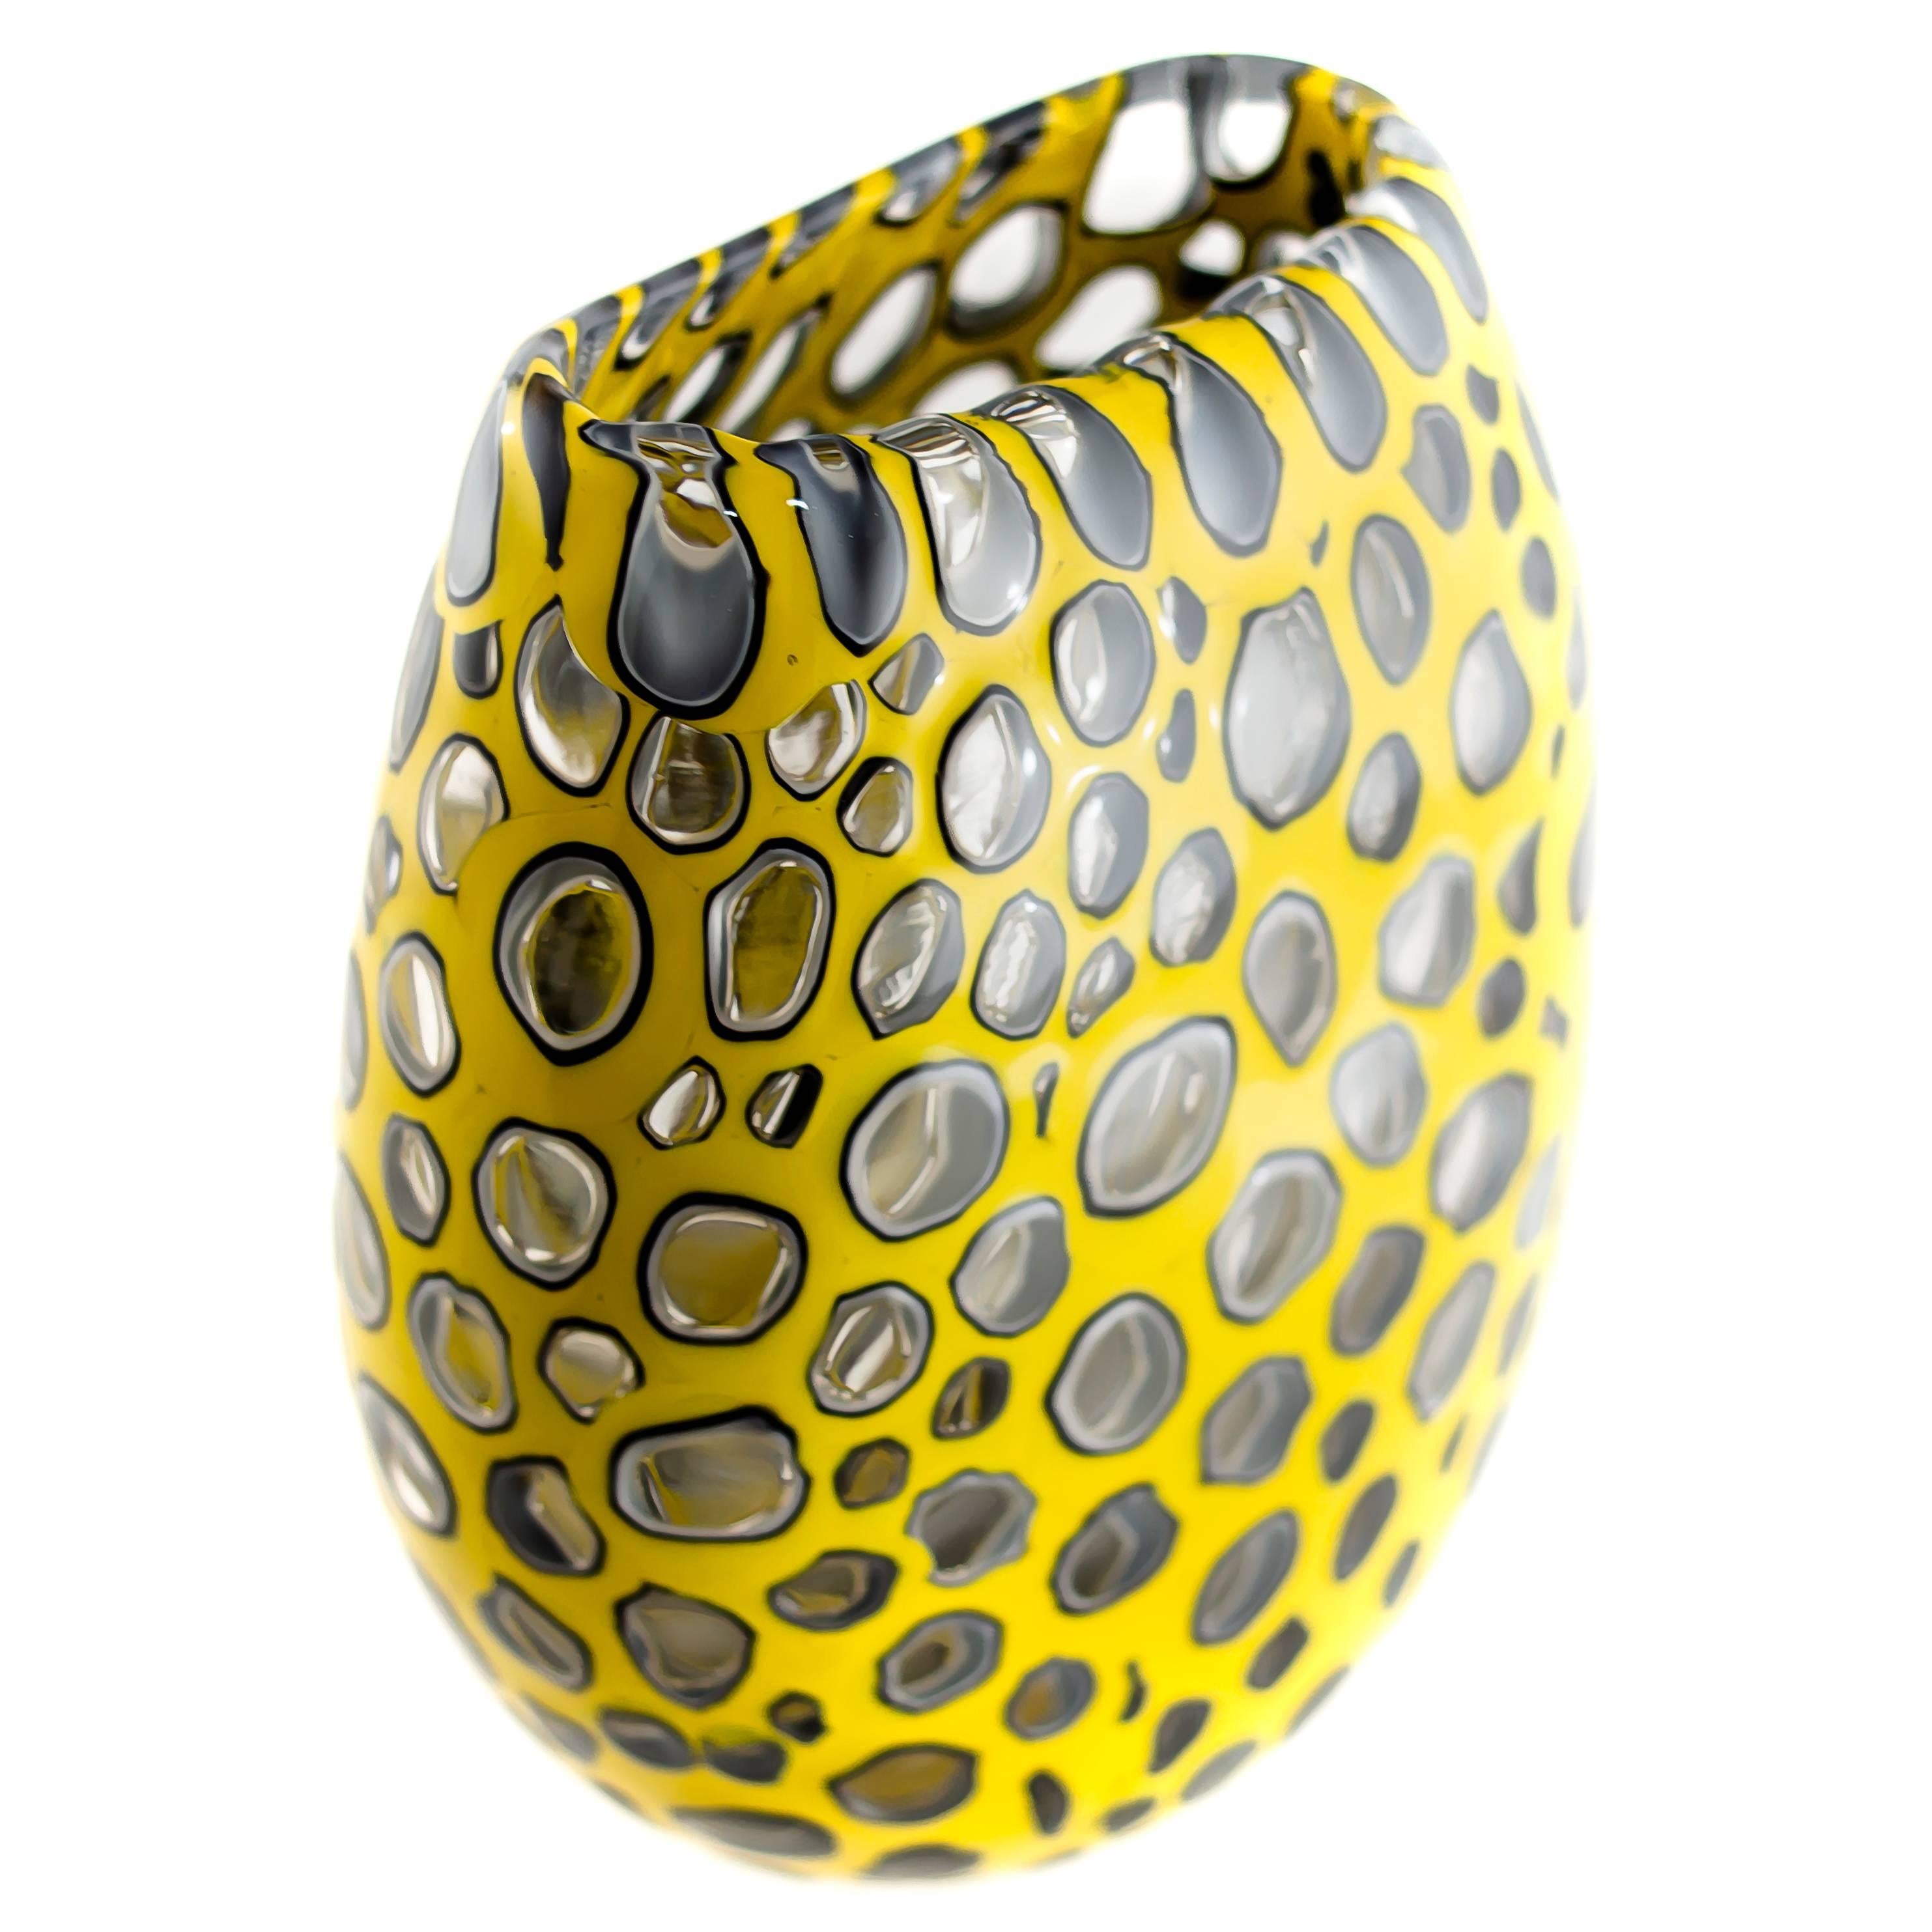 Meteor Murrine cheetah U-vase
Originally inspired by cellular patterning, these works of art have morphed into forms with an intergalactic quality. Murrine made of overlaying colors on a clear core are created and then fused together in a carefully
---
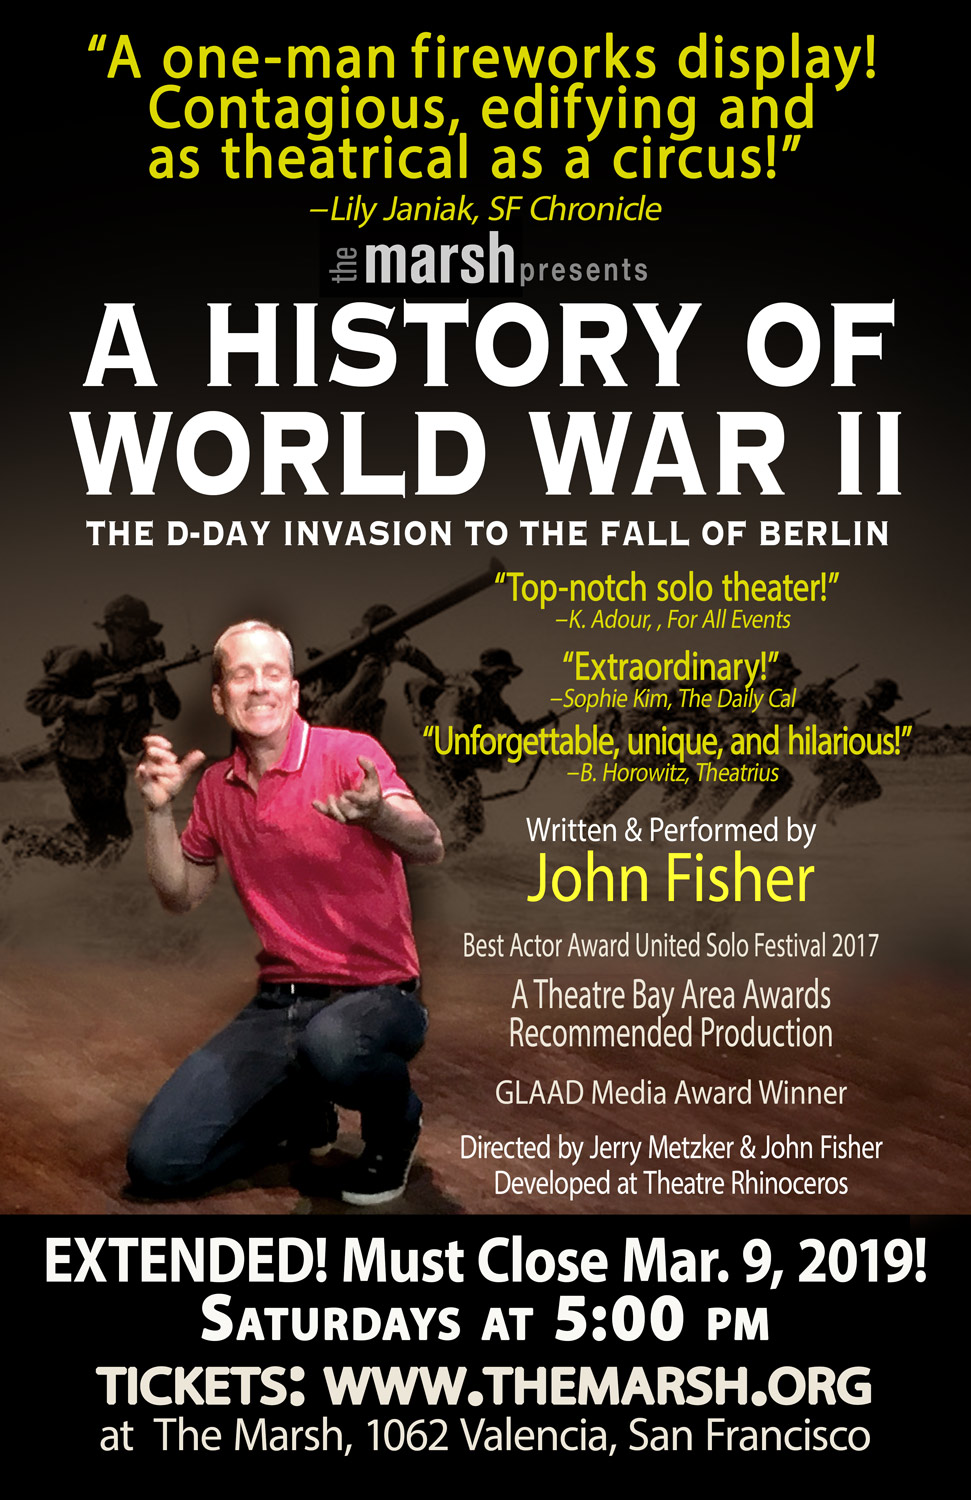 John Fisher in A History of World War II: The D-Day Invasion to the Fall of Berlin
---
Directions ::
Set the pictures aside and reproduce exactly the lines above, from the line holding "Meteor Murrine cheetah U-vase" through the line holding "Originally inspired by", both included, with nothing else.

The answer ::
 Meteor Murrine cheetah U-vase
Originally inspired by cellular patterning, these works of art have morphed into forms with an intergalactic quality. Murrine made of overlaying colors on a clear core are created and then fused together in a carefully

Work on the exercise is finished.